Quelle part la recherche plus "historique", ou "biographique", a-t-elle pris par rapport à un récit de pure fiction ?
Il fallait d'abord prendre connaissance de la réalité du personnage, de son mode de vie, de son entourage et de son environnement. Donc, dans un premier temps, j'ai consulté tout ce que j'ai pu trouver le concernant : sa correspondance et ses autres écrits, des textes biographiques, articles, essais, témoignages de ses proches, iconographie. J'ai aussi fait des recherches sur quelques points de l'histoire de son temps. J'ai pu rencontrer souvent Marcel Marnat, son biographe, et je me suis rendu plusieurs fois dans la maison de Ravel à Montfort-l'Amaury.
Dans Au piano, il y avait déjà le personnage de Max, un peu oppressé, un peu oppressant, mais dans un univers totalement de fiction. Ravel en est-il une forme de prolongement ?
Je ne crois pas qu'il y ait un lien entre ces deux livres sauf dans la mesure où Ravel a été écrit, d'une certaine manière, contre Au piano. C'était, encore une fois, un désir de prendre une distance avec une forme romanesque dont je ne souhaitais pas qu'elle en vienne à me sembler répétitive.
La vie sentimentale de Ravel reste un mystère, et vous le dites. Mais que vous suggère-t-elle personnellement? La musique pour combler un vide, et à partir du moment où la musique ne comble plus la vie, alors le vide ?
J'ai un peu de mal à répondre à cette question. Si la vie amoureuse de Ravel reste un mystère, c'est sans doute aussi qu'il l'a instituée ainsi. Je ne suis pas sûr que la musique - et ce qu'on appelle généralement la création artistique - soit là pour combler un vide, on peut penser a contrario qu'elle prend toute la place au risque de créer un autre vide. Je crois me souvenir d'un propos de Maurice Ravel sur ce sujet, disant en substance qu'une existence vouée à la création ne peut que rendre difficile - ou malheureuse - une vie sentimentale, comme si elle l'excluait. C'est un point de vue qu'on peut évidemment entendre, mais sans être obligé d'y adhérer. On peut essayer au moins de négocier avec lui.

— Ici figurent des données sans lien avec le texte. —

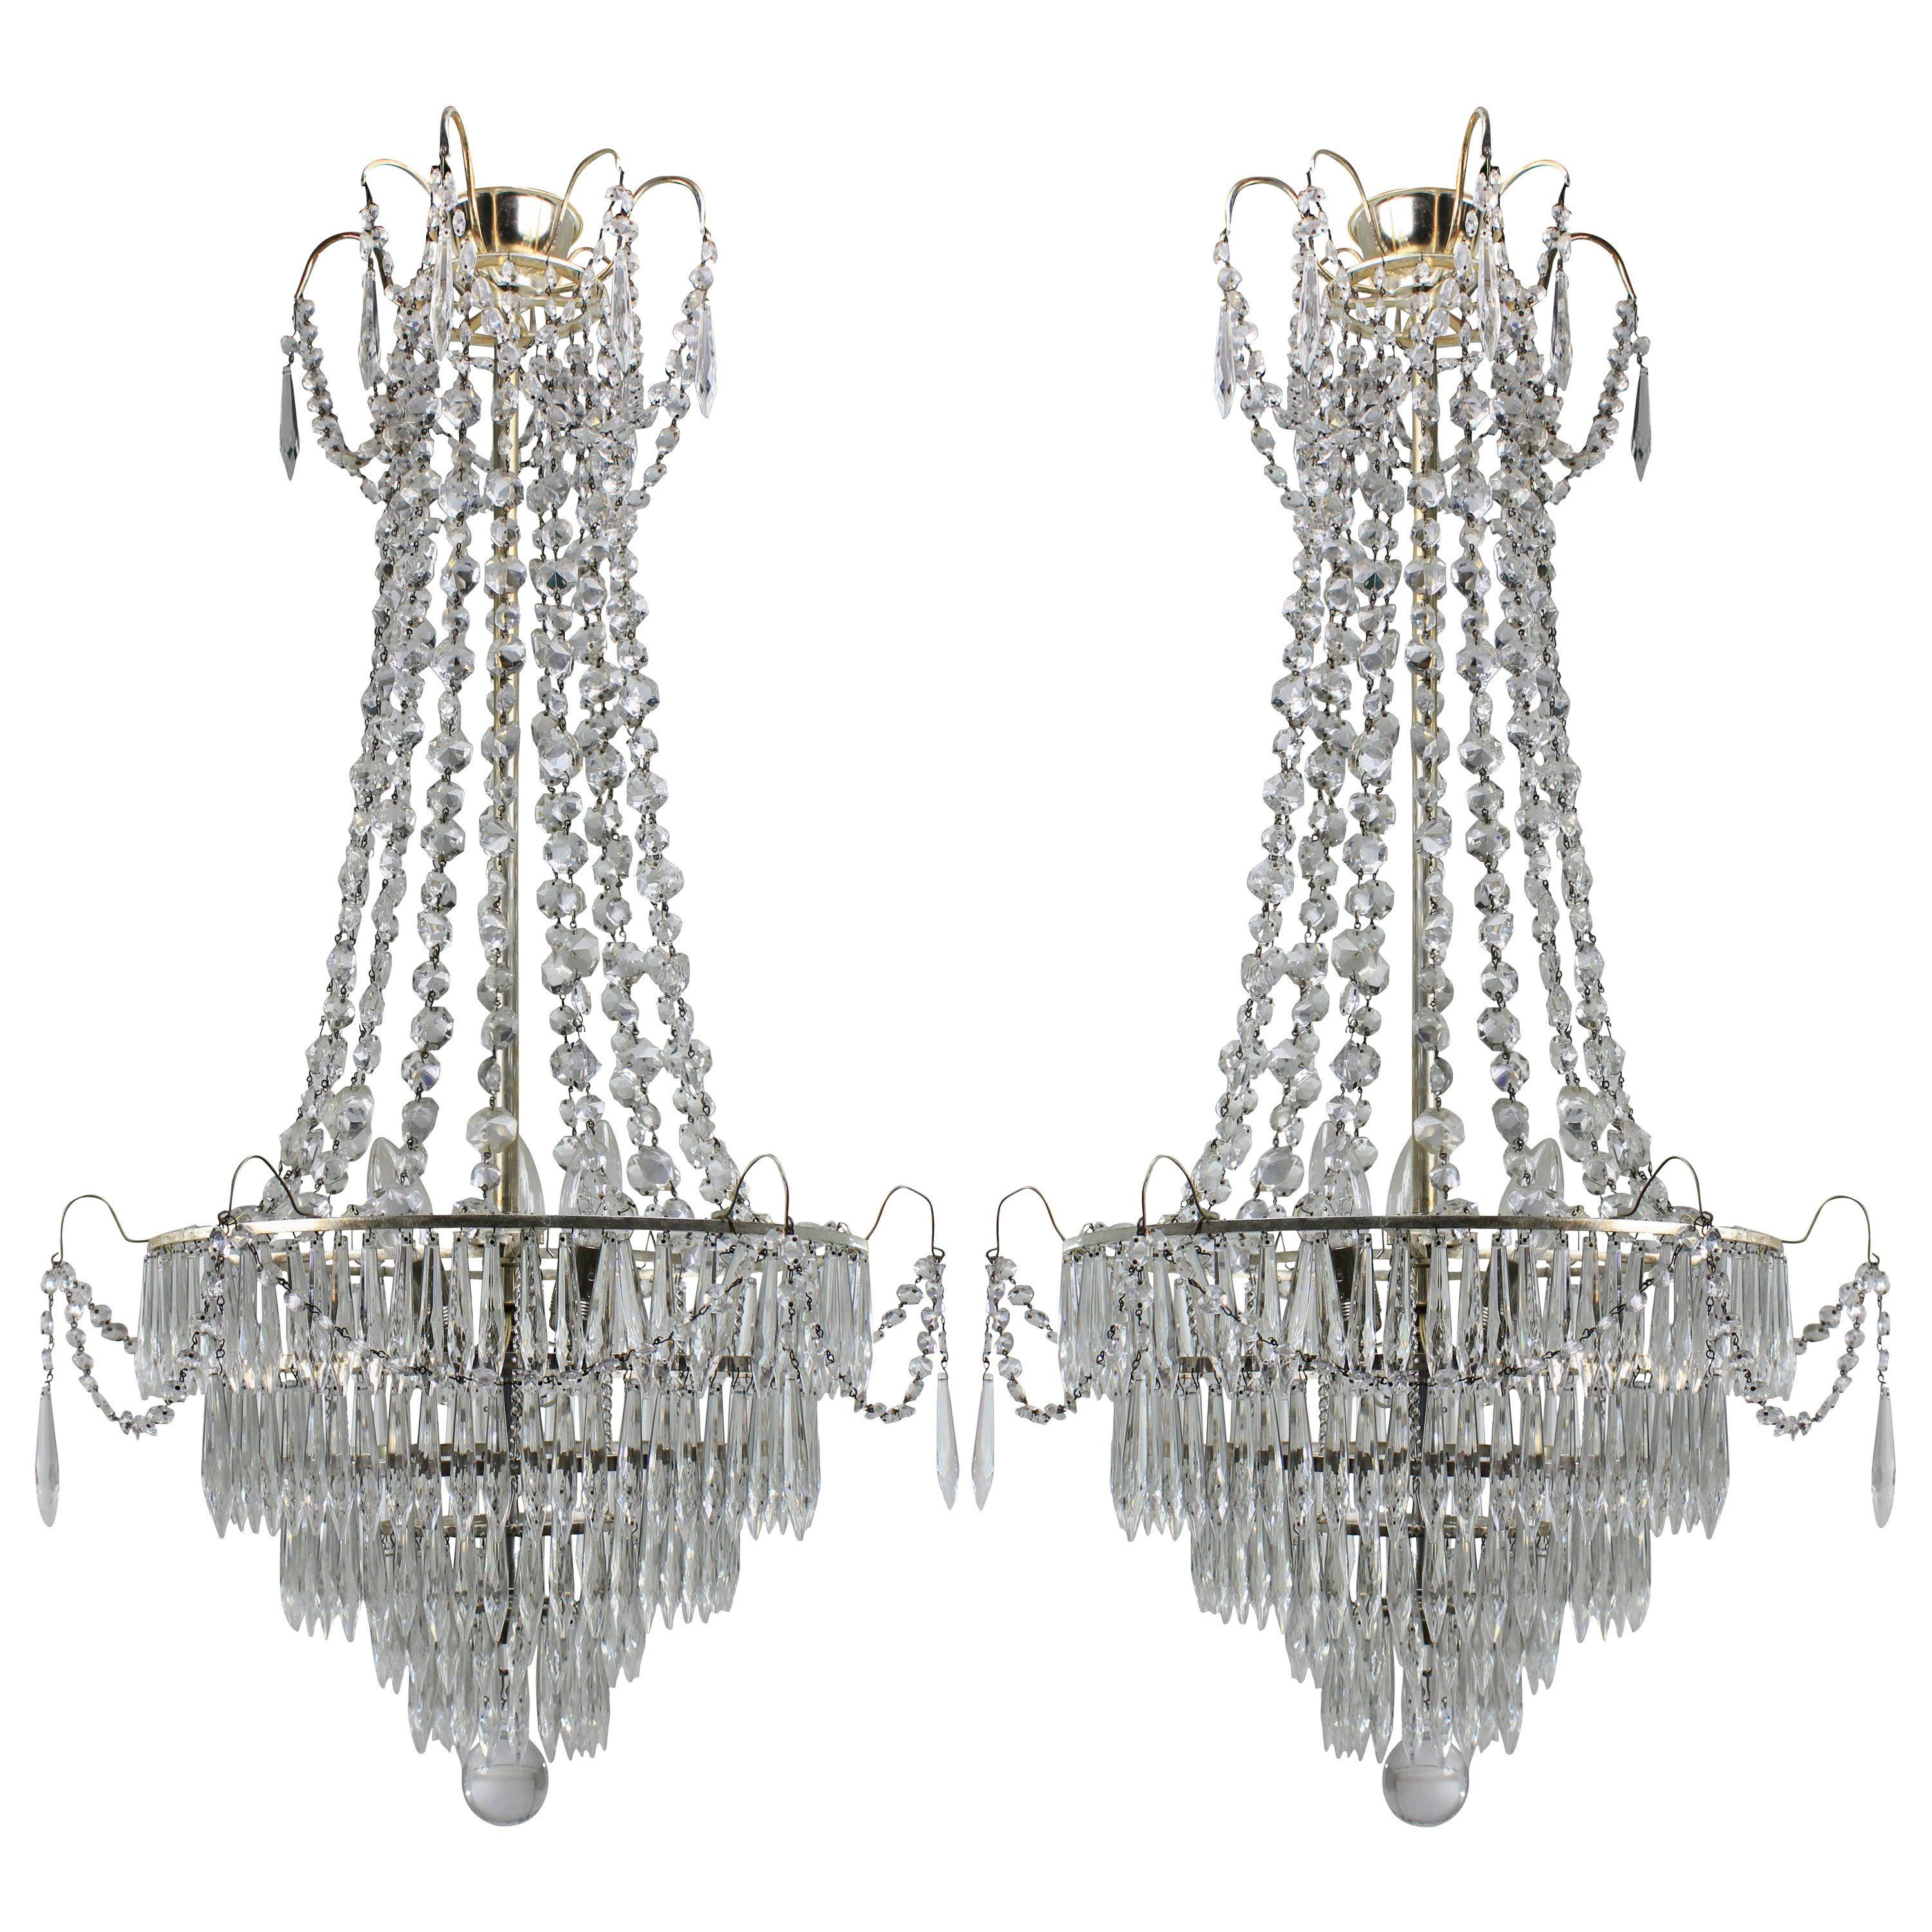 Pair of Swedish Tent and Waterfall Chandeliers

Dans votre livre, vous commentez l'analyse des mains de Ravel par le Dr Wolff, parue autre fois dans la revue « Minotaure », et vous la jugez « complètement idiote ». N'est-elle pas plutôt ambigüe, et donc intrigante par rapport à la maladie qui envahissait alors Ravel ?

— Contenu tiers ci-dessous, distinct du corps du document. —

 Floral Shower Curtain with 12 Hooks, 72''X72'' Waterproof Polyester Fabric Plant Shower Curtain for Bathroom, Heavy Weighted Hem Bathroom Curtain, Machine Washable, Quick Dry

J'ai peut-être été un peu sévère avec le point de vue du Dr Wolff. Cela vient peut-être de ce que, à tort ou à raison, j'accorde assez peu de crédit à ces approches pseudo-scientifiques dont les surréalistes devaient raffoler. J'en accorde aussi peu qu'à la graphologie, telle qu'elle est évoquée p.46 de mon livre.

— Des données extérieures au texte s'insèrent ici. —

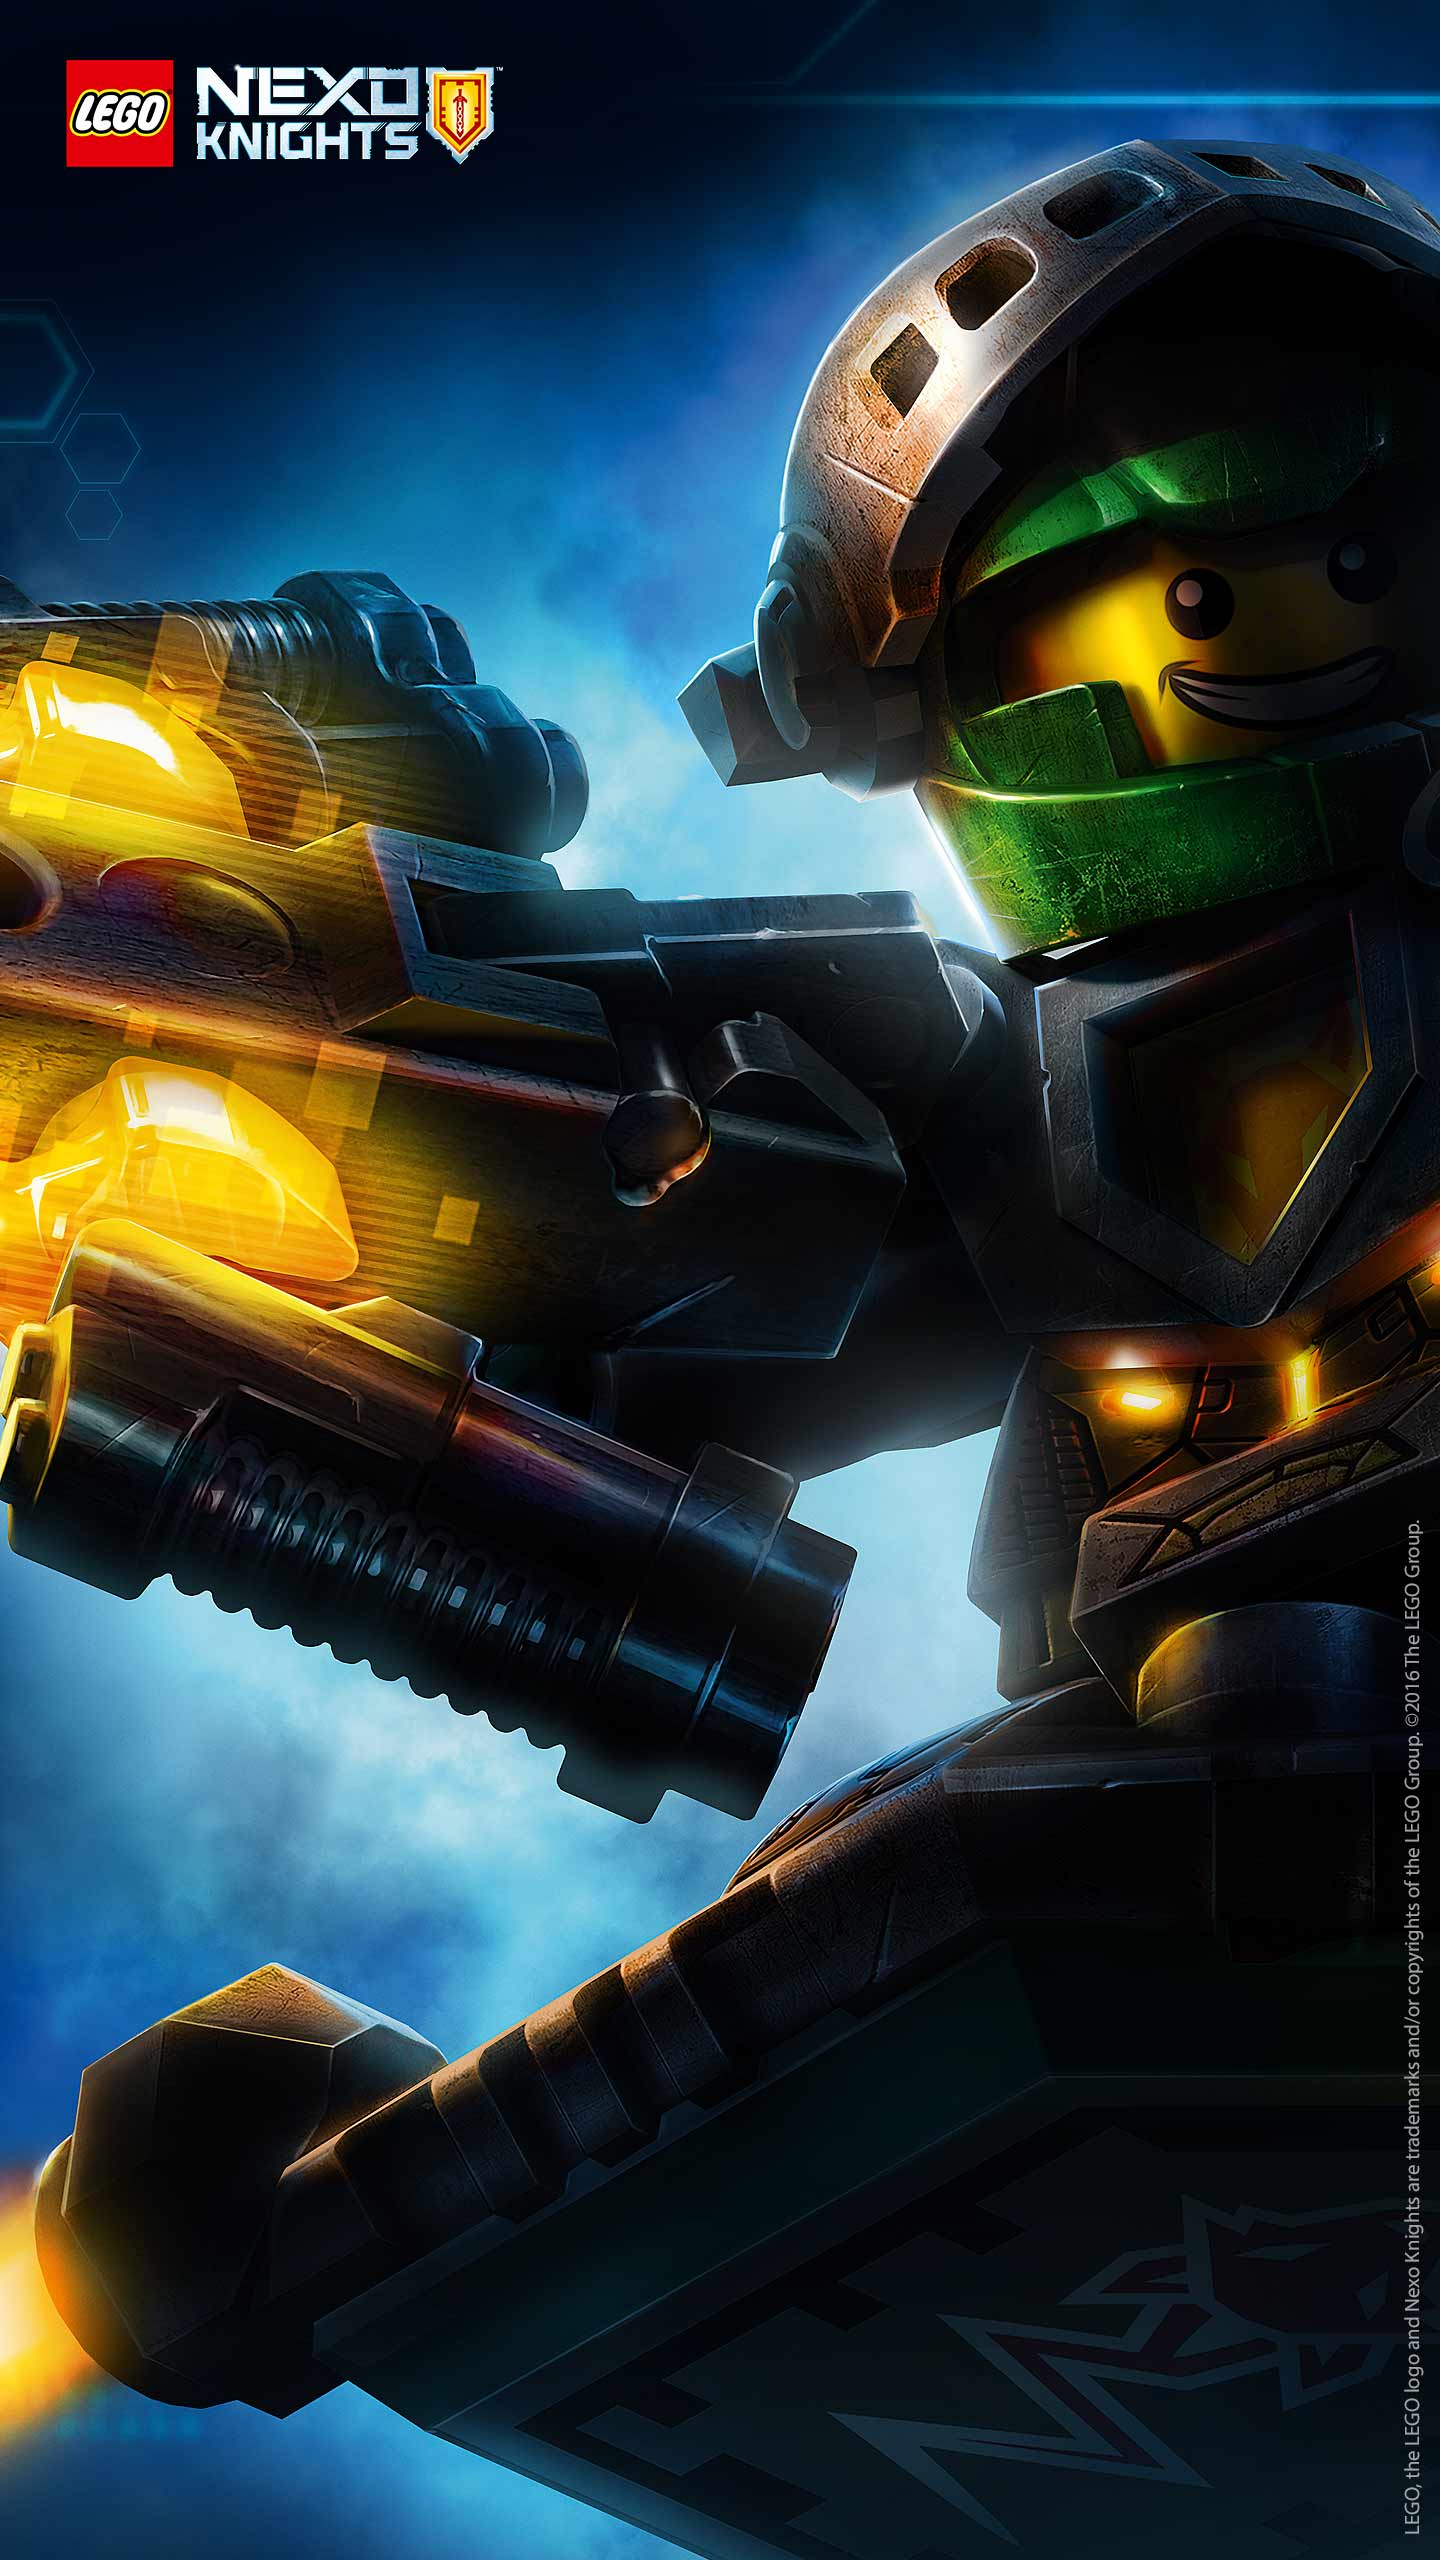 Axl In The Shadows - Nexo Knights , HD Wallpaper & Backgrounds

Êtes-vous attiré par la musique de Ravel, et plus généralement quel type de musique affectionnez-vous ?
J'ai pu entendre cette œuvre très tôt, dès l'enfance, car mes parents l'écoutaient beaucoup. Mes premiers souvenirs me renvoient à l'oeuvre pour piano (dans l'interprétation de Gabriel Casadesus, me semble-t-il), au Quatuor et aux deux Concertos. Mais j'ai continué à l'écouter toute ma vie, donc je crois que je connais pas trop mal la musique de Maurice Ravel. Plus généralement, j'écoute surtout de la musique de chambre (Haydn, Schubert...) et des oeuvres pour piano seul. Du jazz aussi, toujours (Thelonious Monk, Bill Evans...), mais moins assidument que dans ma jeunesse.
Propos recueillis par Alain Delaunois en janvier 2006
Jean Echenoz, Ravel, Minuit, 124 p., 2006.